> [ASSIGNMENT]: Scan the records below for the line with "Retro Vinyl Record Coasters" and the line with "1966 Philadelphia Eagles". Repeat those two lines and every line between them exactly, and nothing else.

##### GIVEN RECORDS

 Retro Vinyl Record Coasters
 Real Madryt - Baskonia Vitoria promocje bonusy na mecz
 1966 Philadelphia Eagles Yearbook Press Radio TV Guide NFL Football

##########
##### GIVEN RECORDS

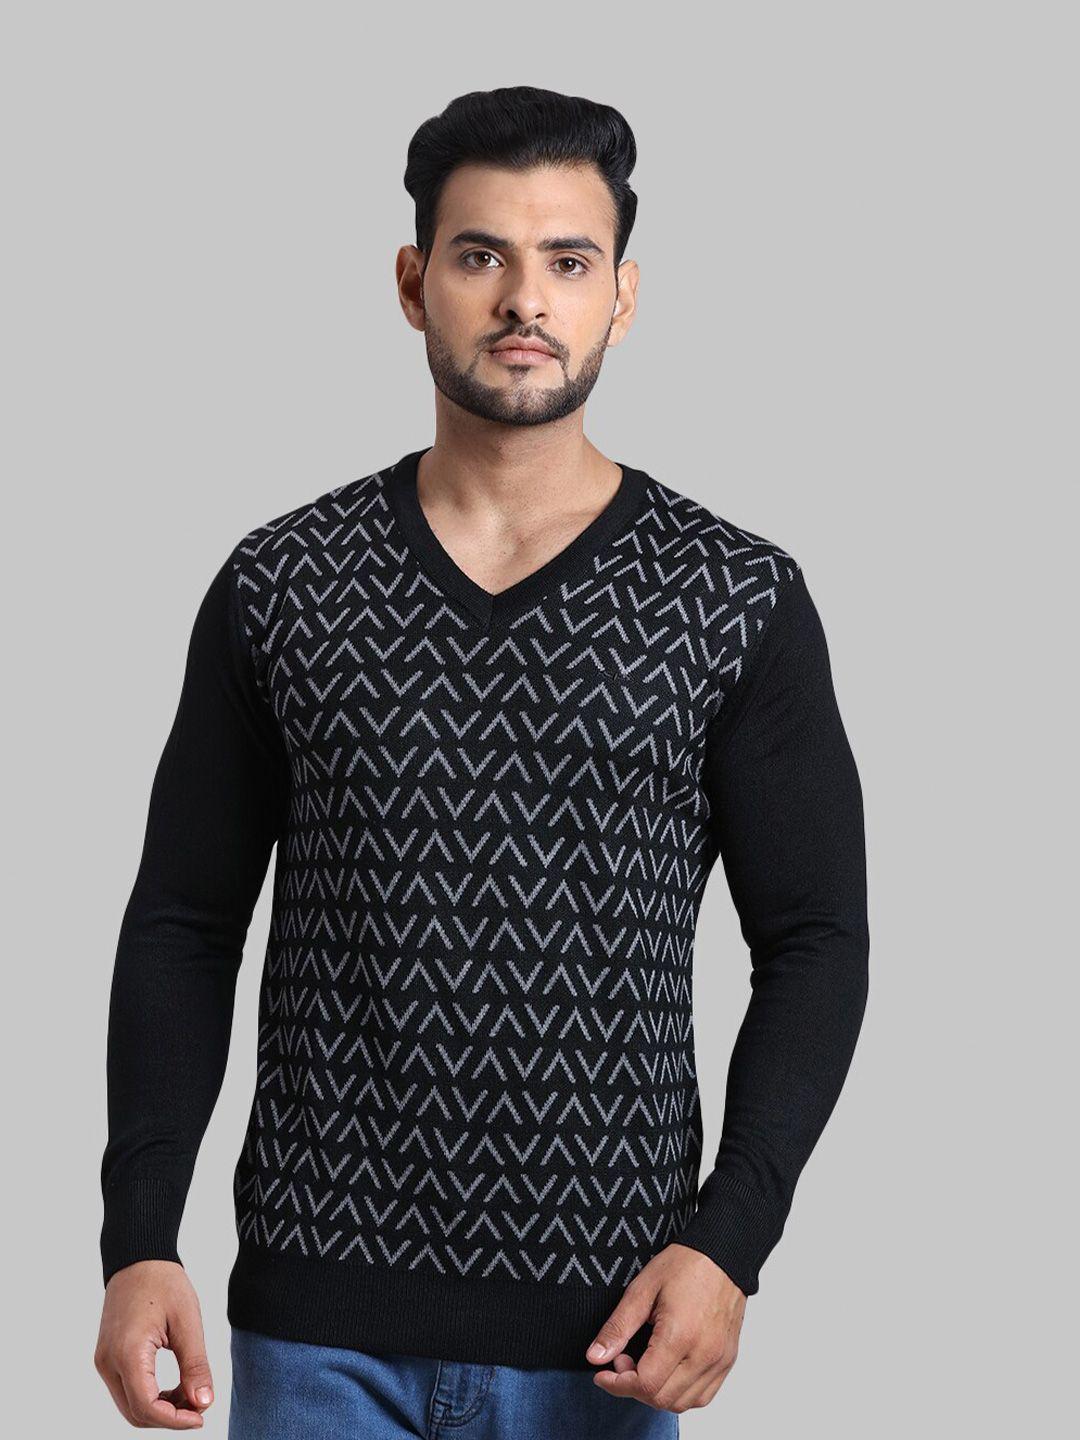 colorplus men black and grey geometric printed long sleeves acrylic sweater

##########
##### GIVEN RECORDS

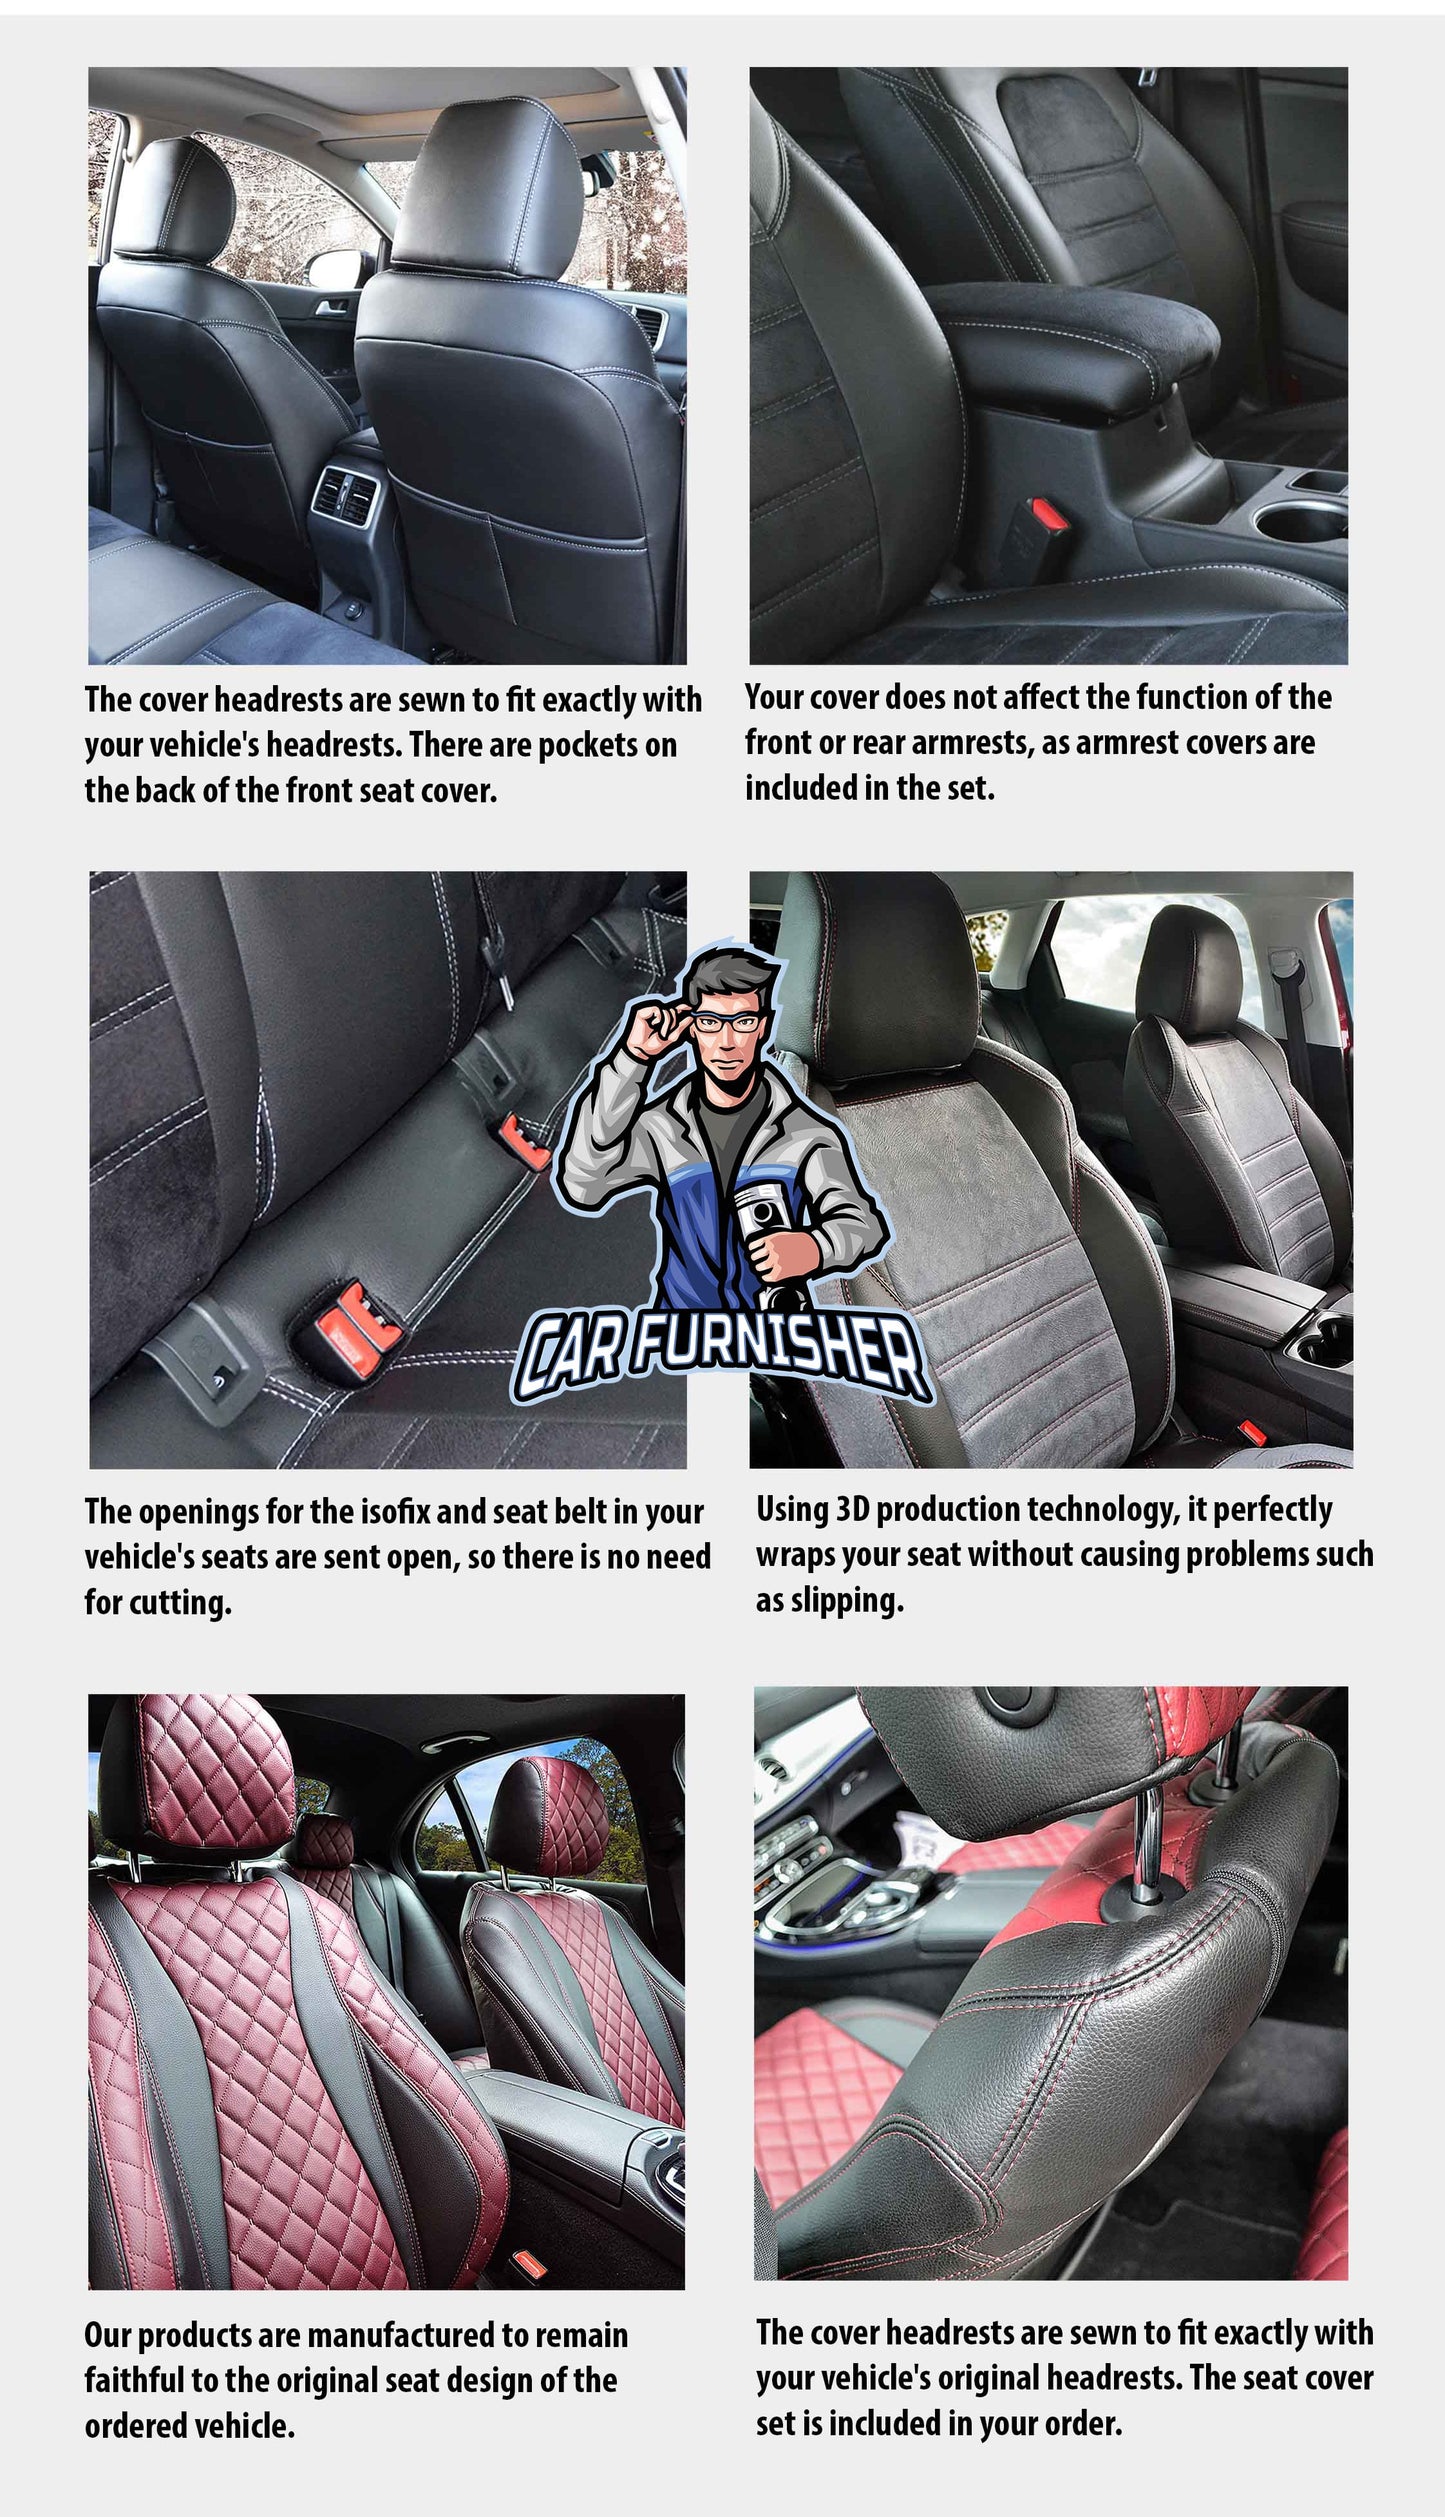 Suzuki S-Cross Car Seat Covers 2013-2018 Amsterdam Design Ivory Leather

##########

> [RESULT OF THIS EXERCISE]:
 Retro Vinyl Record Coasters
 Real Madryt - Baskonia Vitoria promocje bonusy na mecz
 1966 Philadelphia Eagles Yearbook Press Radio TV Guide NFL Football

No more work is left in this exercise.